In some cases, the performance, efficiency, and reliability gains from caching and consolidation make sense.

But, I’ve seen enough poor architectural decisions and lack of architectural oversight result in use of various log streaming, cloud messenging, app monitoring, object DBs, etc., all discounting the request overhead in time and traffic, points of failure, and overall complexity for some false sense of scalability enough to where things that seemed cool ten years ago make me physically sick now.

What are some questions to use to help determine whether Kafka/RedPanda actually make sense to use, without having to first baseline, then implement, then compare request time, reliability, and data freshness to gauge whether it was worth it?

BTW- I think there are valid cases for using it and appreciate all of the work!




Absolutely.

If you use transactions, we don't support it yet. We are in active development here.

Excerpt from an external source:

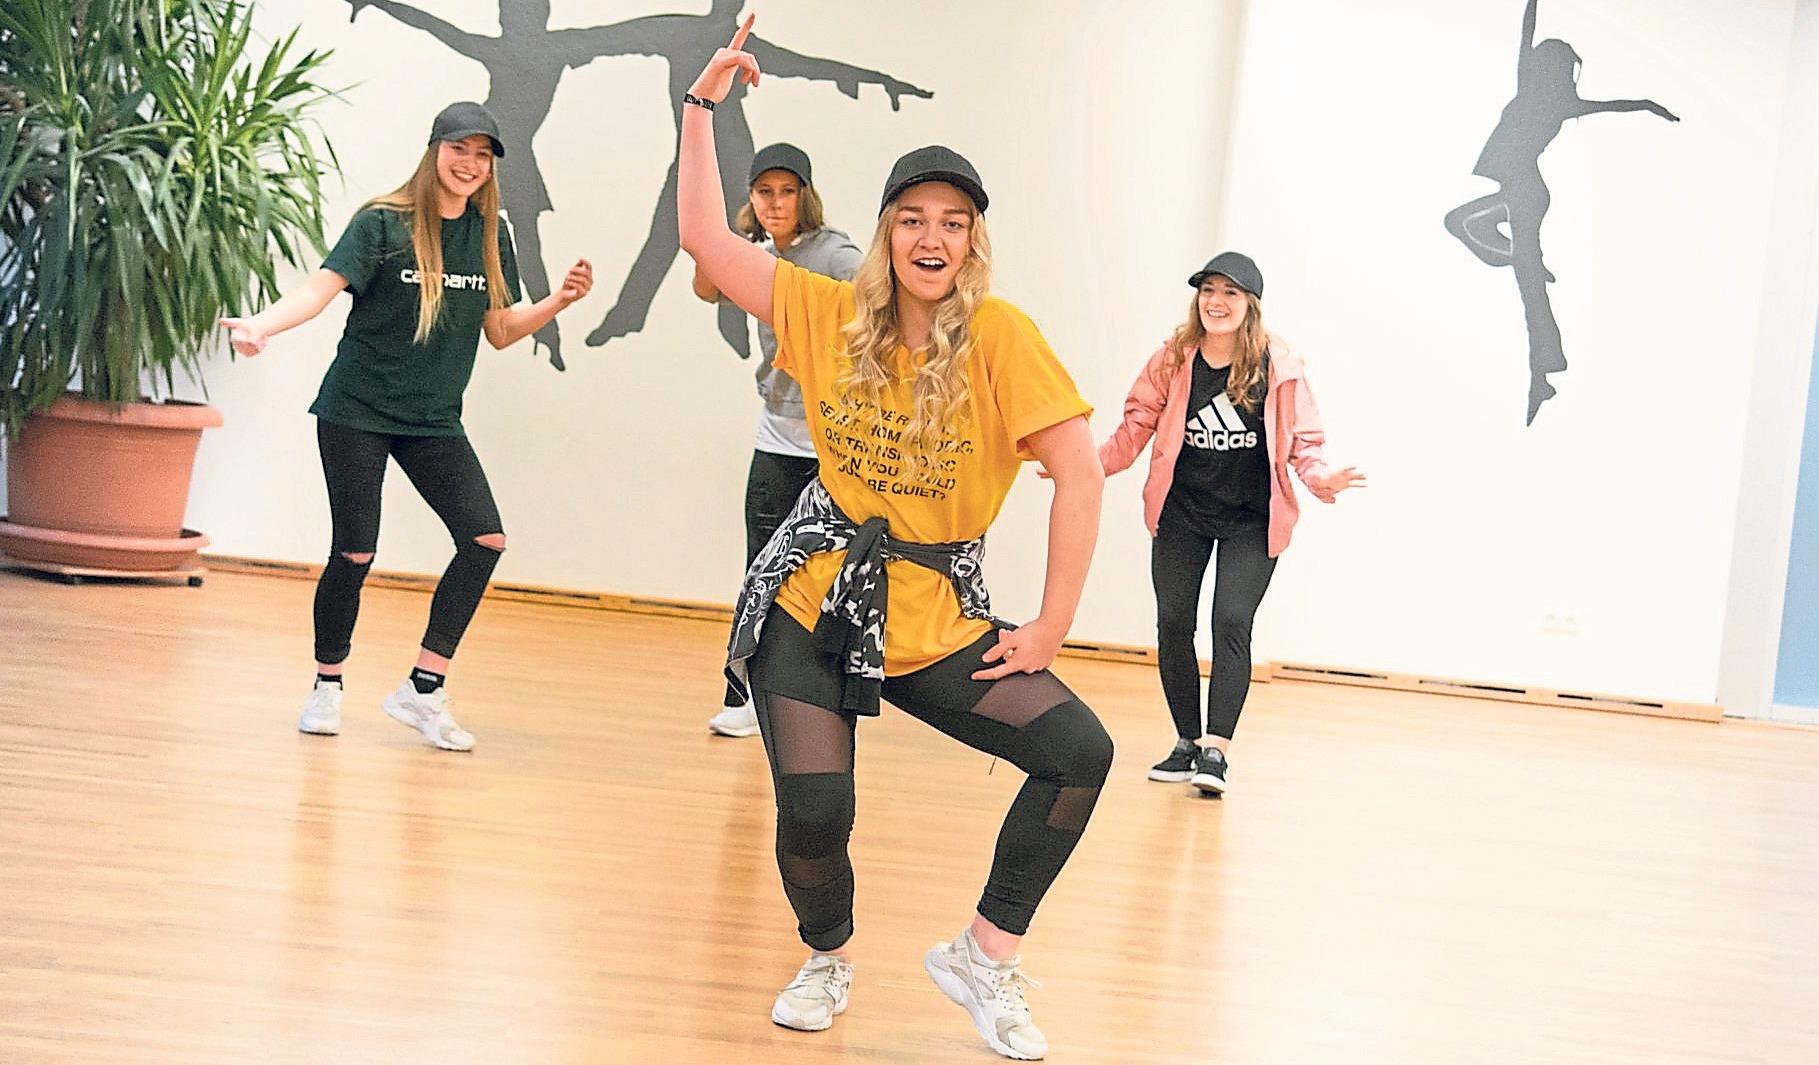 Unterhaltsame Auftritte – unter anderem von Hip-Hop-Gruppen – gibt es am kommenden Wochenende beim Tag der offenen Tür des Eichstätter Tanzsportclubs zu sehen. Außerdem können Besucher selbst testen, ob sie Spaß an einem der Angebote haben. Foto: ETC

Notice that folks love speed but the operational simplicity of having one binary/fault domain makes a lot of our enterprise users use the tech.

Last is if you like the product direction which is to my knowledge fundamentally different from the other engines out there. WASM in particular solves around 60% of all streaming work we see in the wild. It is effectively good at one shot transformations (gdpr, simple enriching, simple connection to downstream system like elastic, etc) as well as tiered storage.

Think the idea was to build something as easy as nginx - apt-get install redpanda and et voila

I hope to continue to focus on the developer experience.